Yes. The SynthID watermark is invisible and does not affect commercial rights. Both Reels and TikTok are moving toward privileging watermarked AI content under their 2026 labelling rules, so leave SynthID on.
Do I need a paid Google AI subscription?
For the Gemini app and Google Flow, yes: Google AI Plus, Pro, or Ultra. YouTube Shorts and the YouTube Create app get Omni Flash at no cost during the rollout.
How does Omni Flash compare to HeyGen Avatar V?
HeyGen Avatar V is built for long-form talking heads up to 30 minutes with phoneme-level lip sync in 175+ languages. Omni Flash is built for short, multi-input clips with conversational editing. They are complementary, not competitors. Most serious avatar accounts will end up running both.
Can I edit the audio or speech inside a clip Omni generated?

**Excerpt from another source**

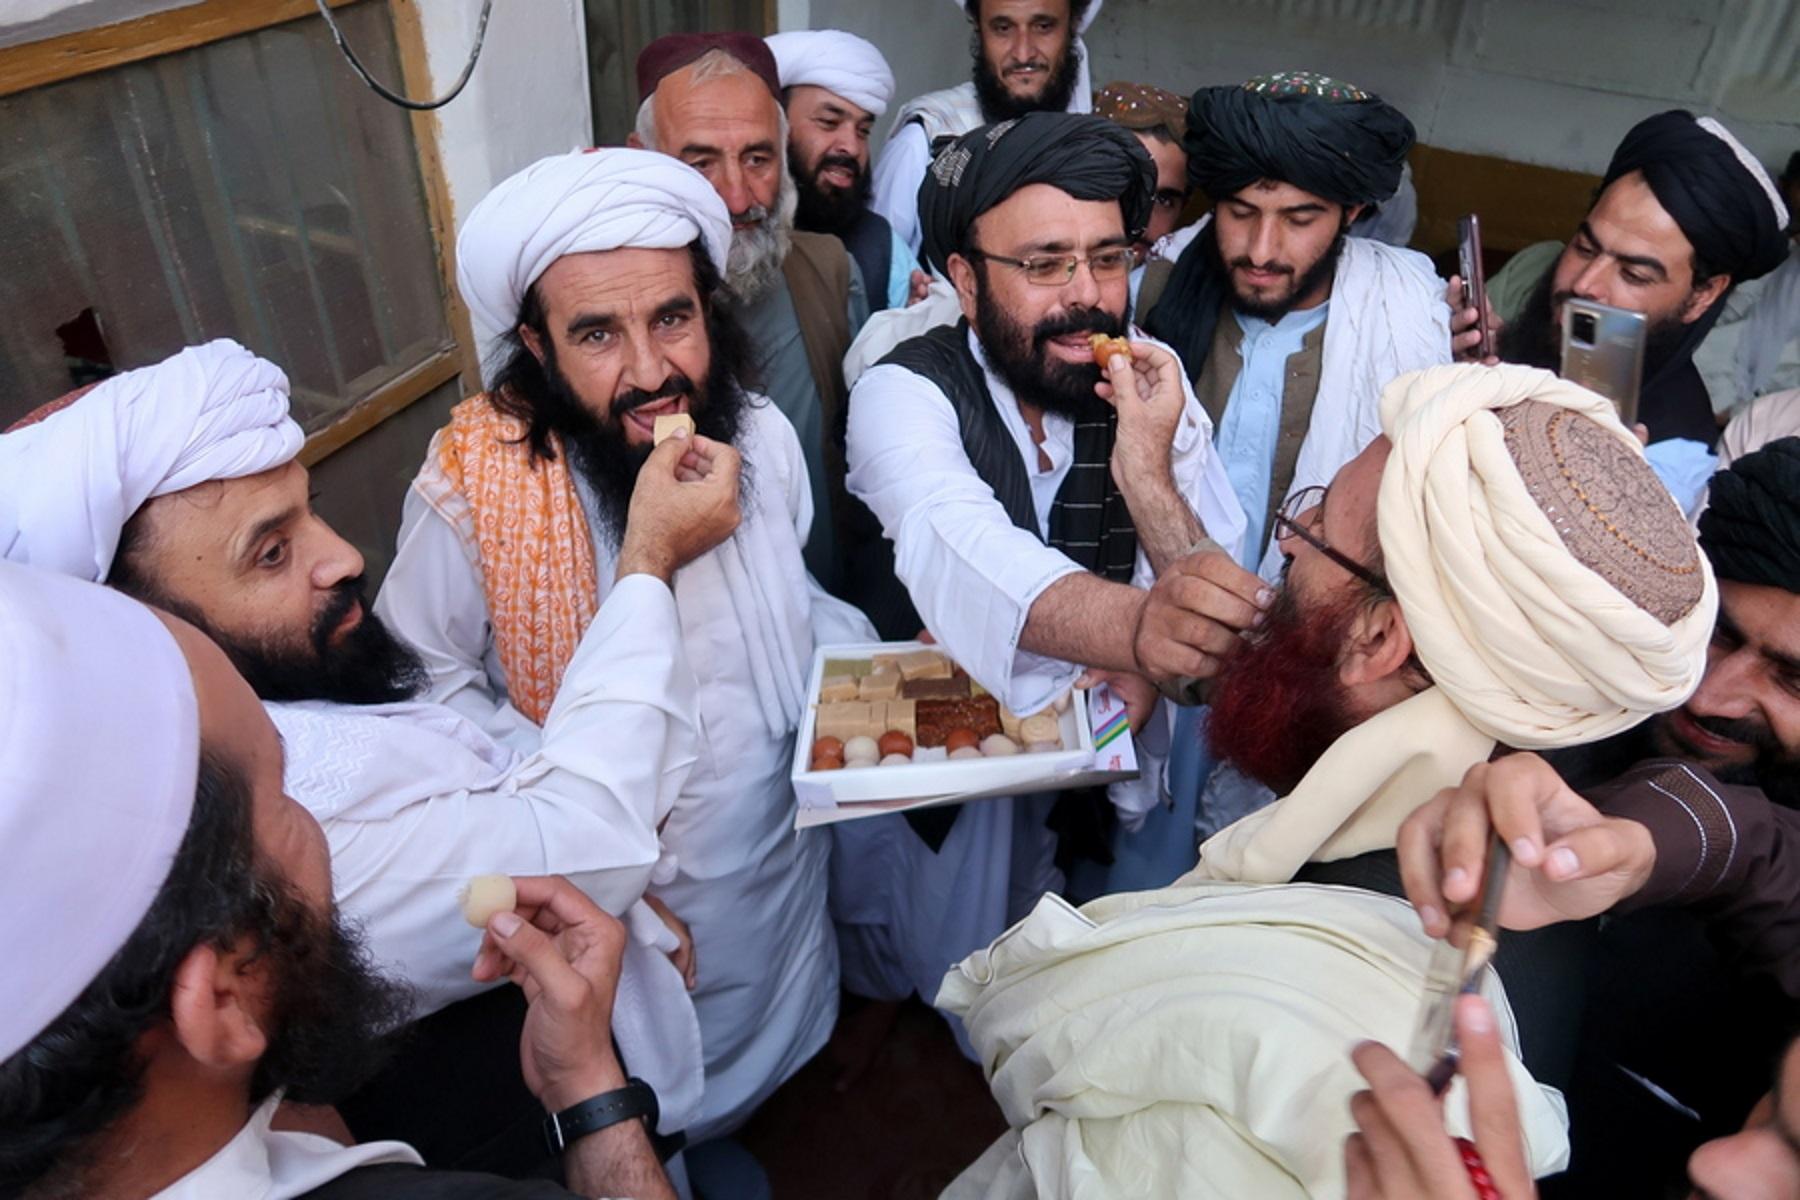 Αφγανιστάν: Οι Ταλιμπάν γιορτάζουν με γλυκά – Σε έκτακτες διαβουλεύσεις με διεθνείς εταίρους ο πρόεδρος της χώρας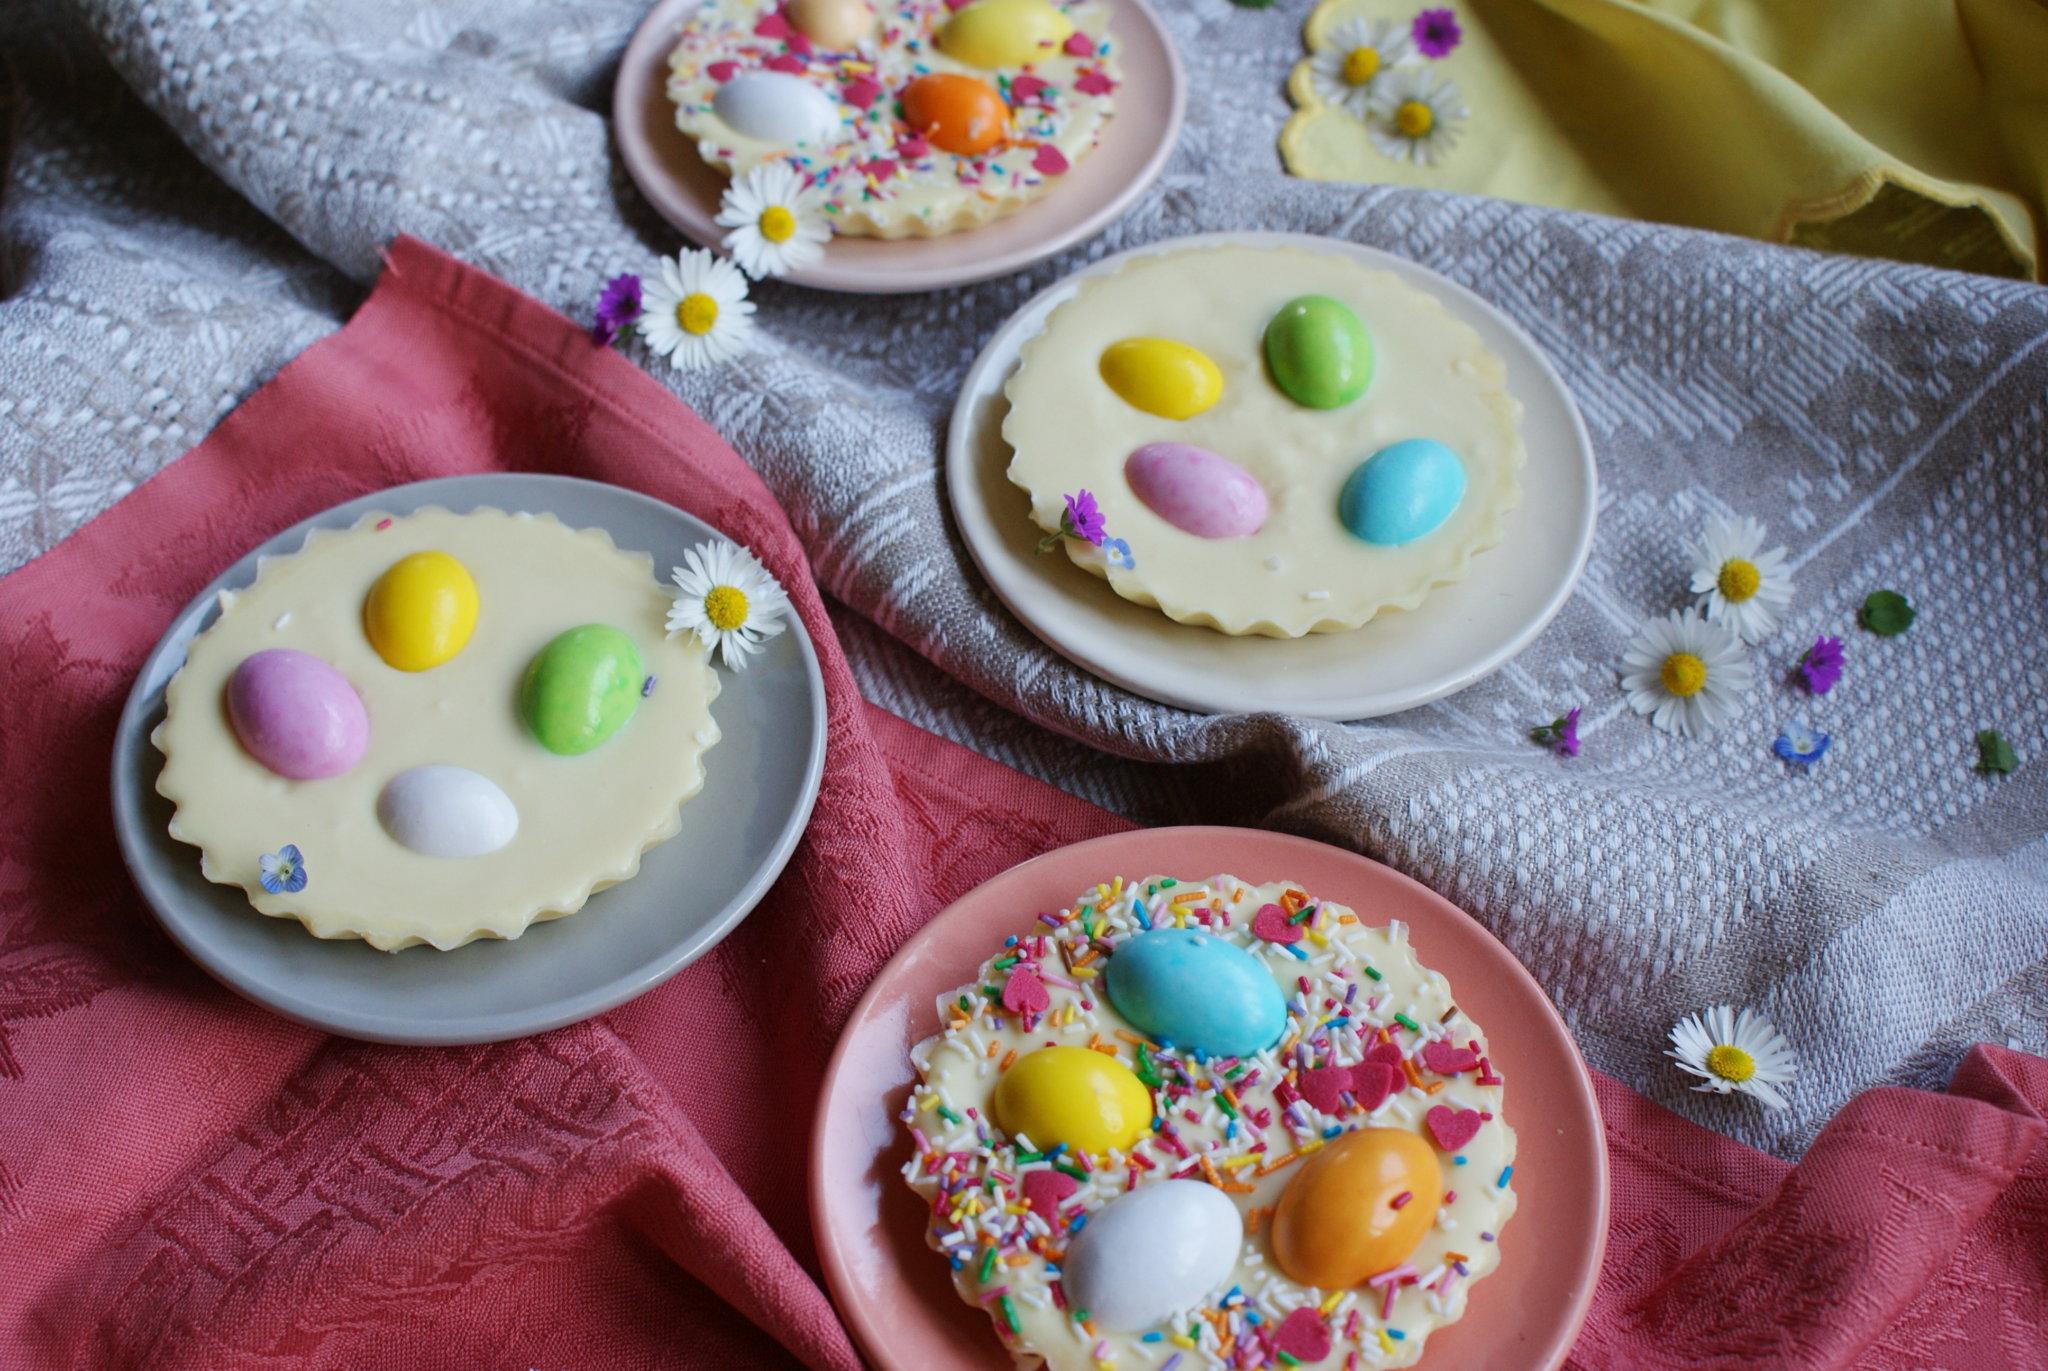 cioccolatini ovetti pasqua colorati ricetta idee

Not yet. Google is holding back general-purpose audio and speech editing for now while it tests the safety story. Avatar voice and music behavior are the only audio-side controls in the launch build.
When will the Omni API arrive for developers?
Google says the developer and enterprise API rollout is coming in the next few weeks. If history holds for Veo and Nano Banana 2, expect access through Google AI Studio first, with pricing tiers between Veo 3.1 and Seedance 2.0.